Everything in the data below except the pictures must be repeated word for word.
(Data section)
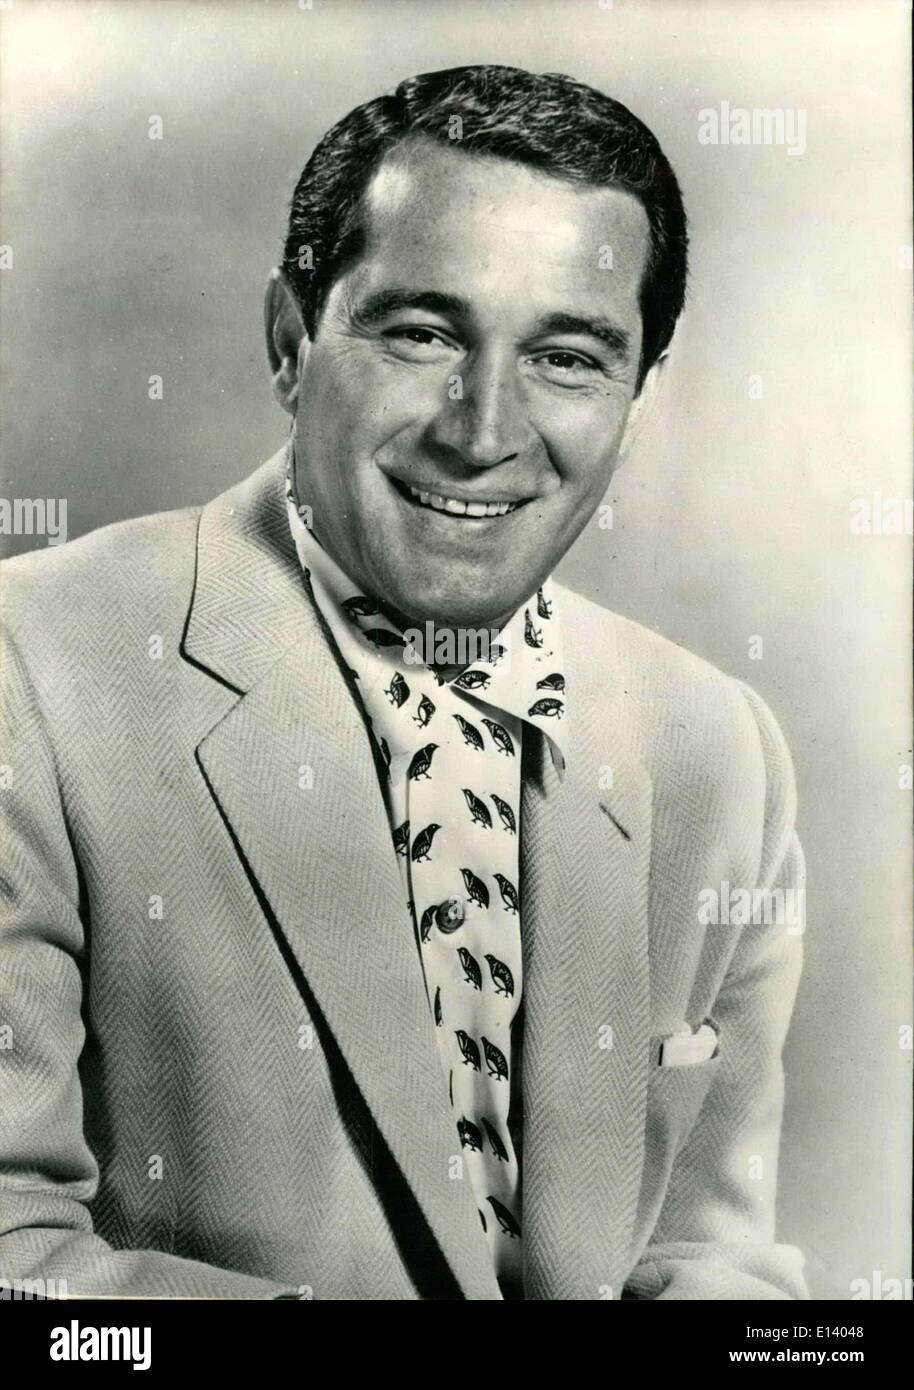 Mar. 31, 2012 - An American Singer to Win 5 Million on TV. An American Singer, Perry Como, signed a contract for 5 Million for a 104 week TV program with an important Dairy Products Company. It is the most important contract ever to be signed by US TV. OPS: The American singer Perry Como. Stock Photo
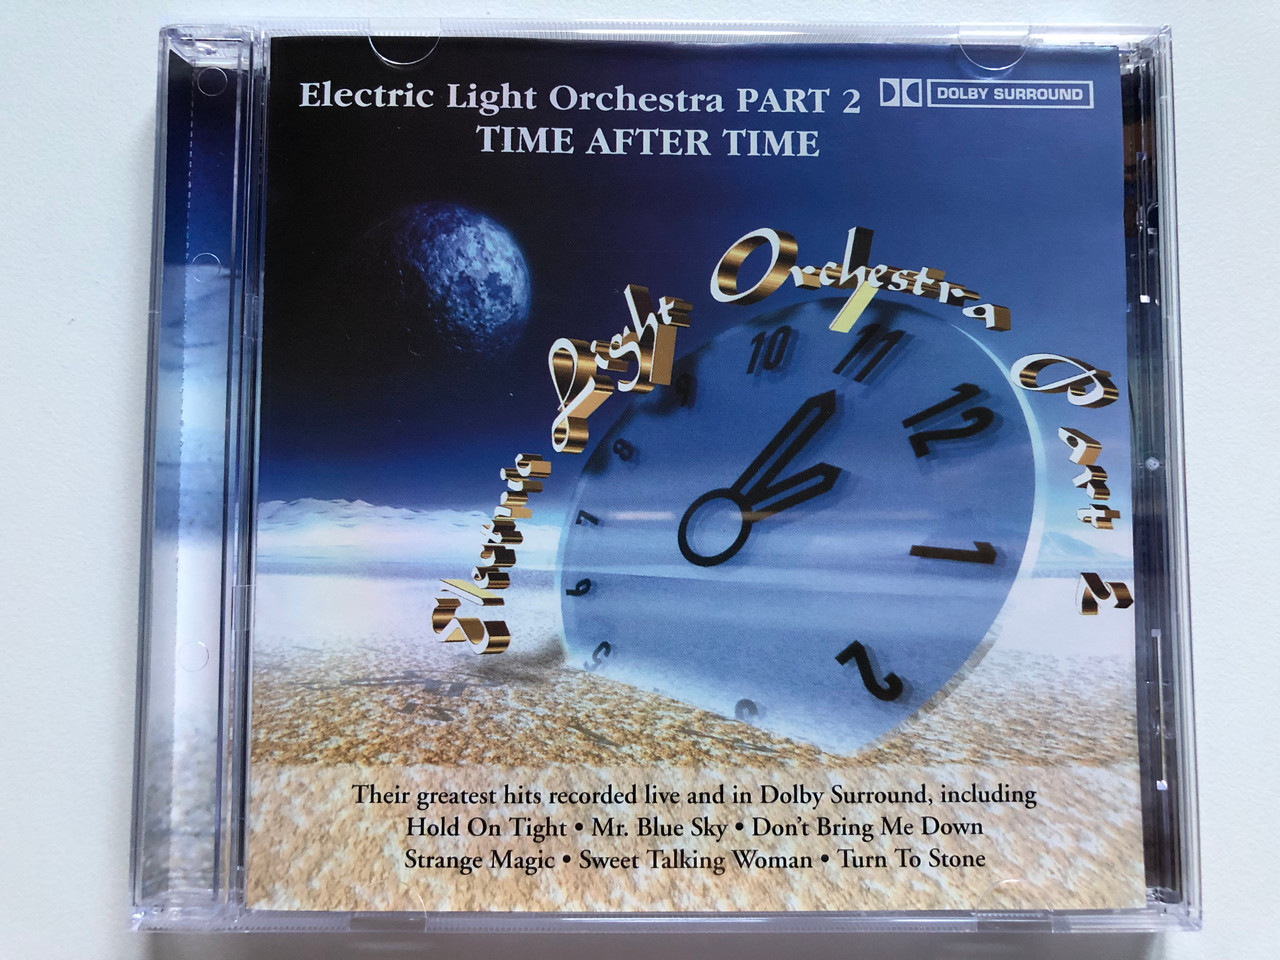 https://cdn10.bigcommerce.com/s-62bdpkt7pb/products/0/images/228495/Electric_Light_Orchestra_Part_2_Time_After_Time_Their_greatest_hits_recorded_live_and_in_Dolby_Surround_including_Hold_On_Tight_Mr._Blue_Sky_Dont_Bring_Me_Down_Strange_Magic_Going_Fo_1__68854.1653372603.1280.1280.JPG?c=2&_gl=1*18e7zzr*_ga*MjA2NTIxMjE2MC4xNTkwNTEyNTMy*_ga_WS2VZYPC6G*MTY1MzM3MTM3Ni40MDguMS4xNjUzMzcyMjEyLjM4
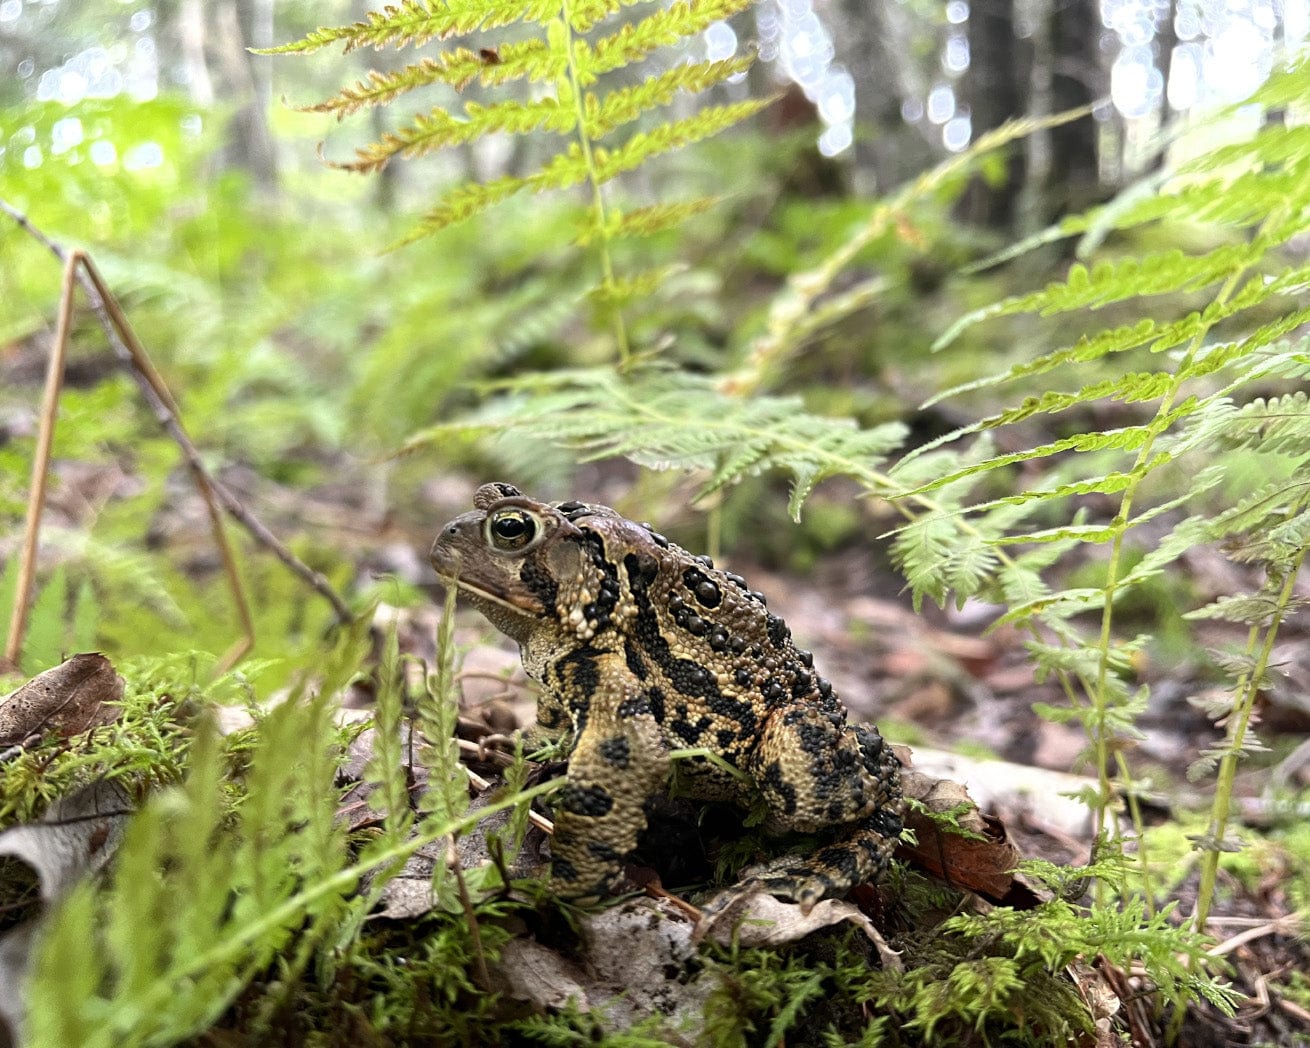 Frog in the forests of Nova Scotia
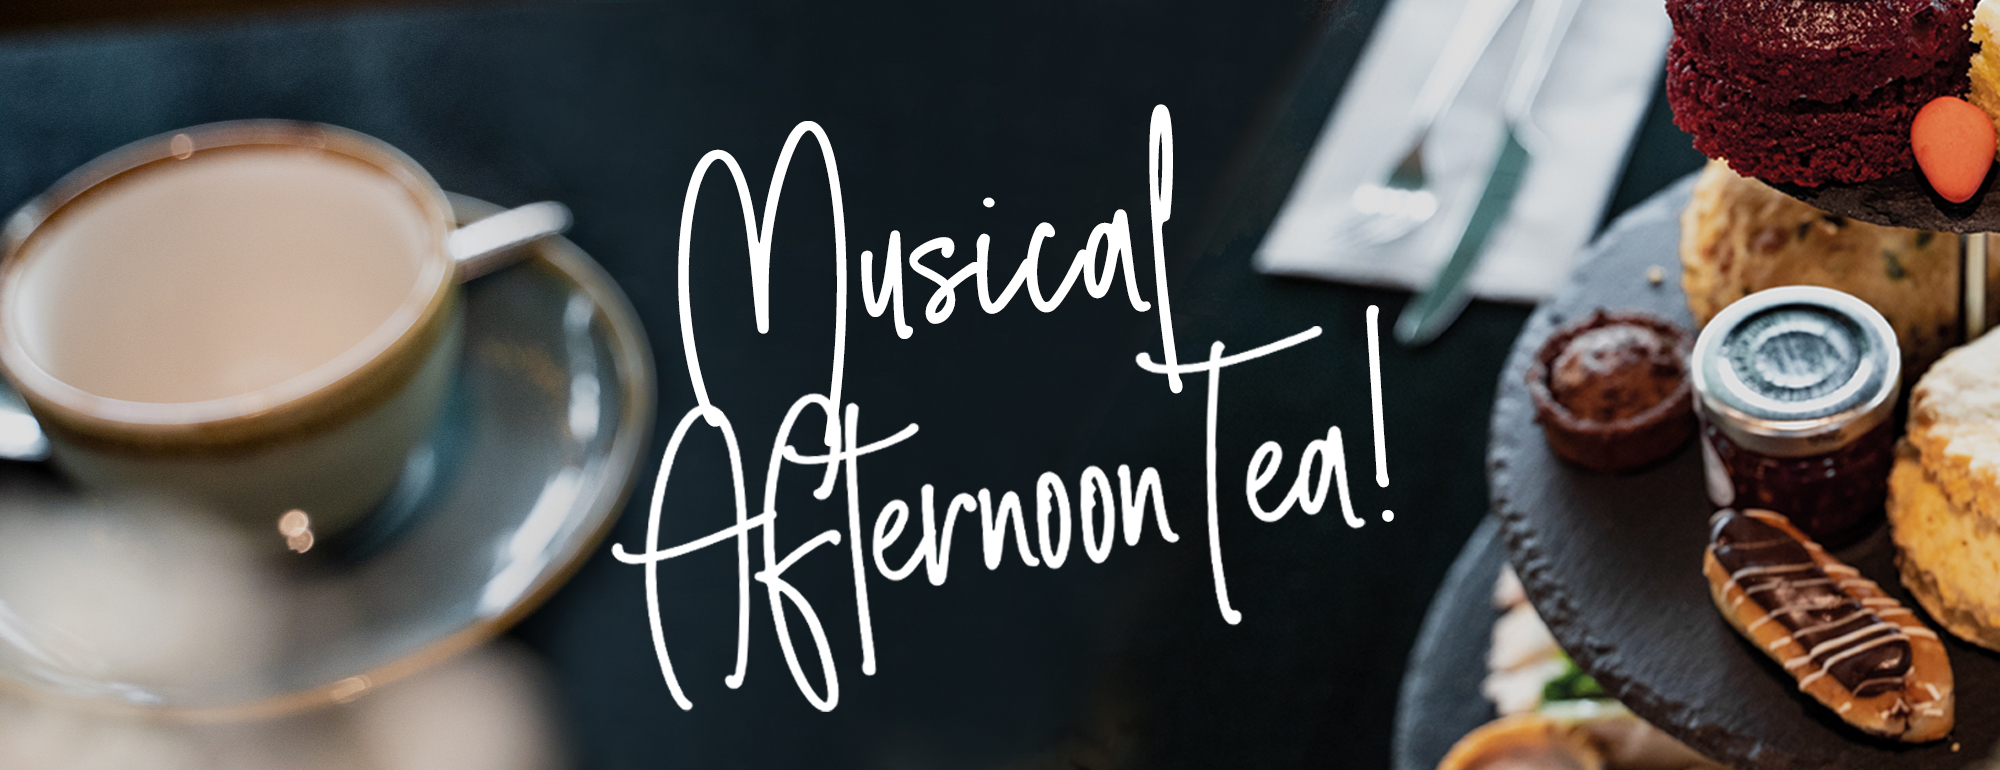 The Terrace Presents: Musical Afternoon Tea | Aberdeen Performing Arts
(End Data section)
→ Exercise response:
 Mar. 31, 2012 - An American Singer to Win 5 Million on TV. An American Singer, Perry Como, signed a contract for 5 Million for a 104 week TV program with an important Dairy Products Company. It is the most important contract ever to be signed by US TV. OPS: The American singer Perry Como. Stock Photo
 https://cdn10.bigcommerce.com/s-62bdpkt7pb/products/0/images/228495/Electric_Light_Orchestra_Part_2_Time_After_Time_Their_greatest_hits_recorded_live_and_in_Dolby_Surround_including_Hold_On_Tight_Mr._Blue_Sky_Dont_Bring_Me_Down_Strange_Magic_Going_Fo_1__68854.1653372603.1280.1280.JPG?c=2&_gl=1*18e7zzr*_ga*MjA2NTIxMjE2MC4xNTkwNTEyNTMy*_ga_WS2VZYPC6G*MTY1MzM3MTM3Ni40MDguMS4xNjUzMzcyMjEyLjM4
 Frog in the forests of Nova Scotia
 The Terrace Presents: Musical Afternoon Tea | Aberdeen Performing Arts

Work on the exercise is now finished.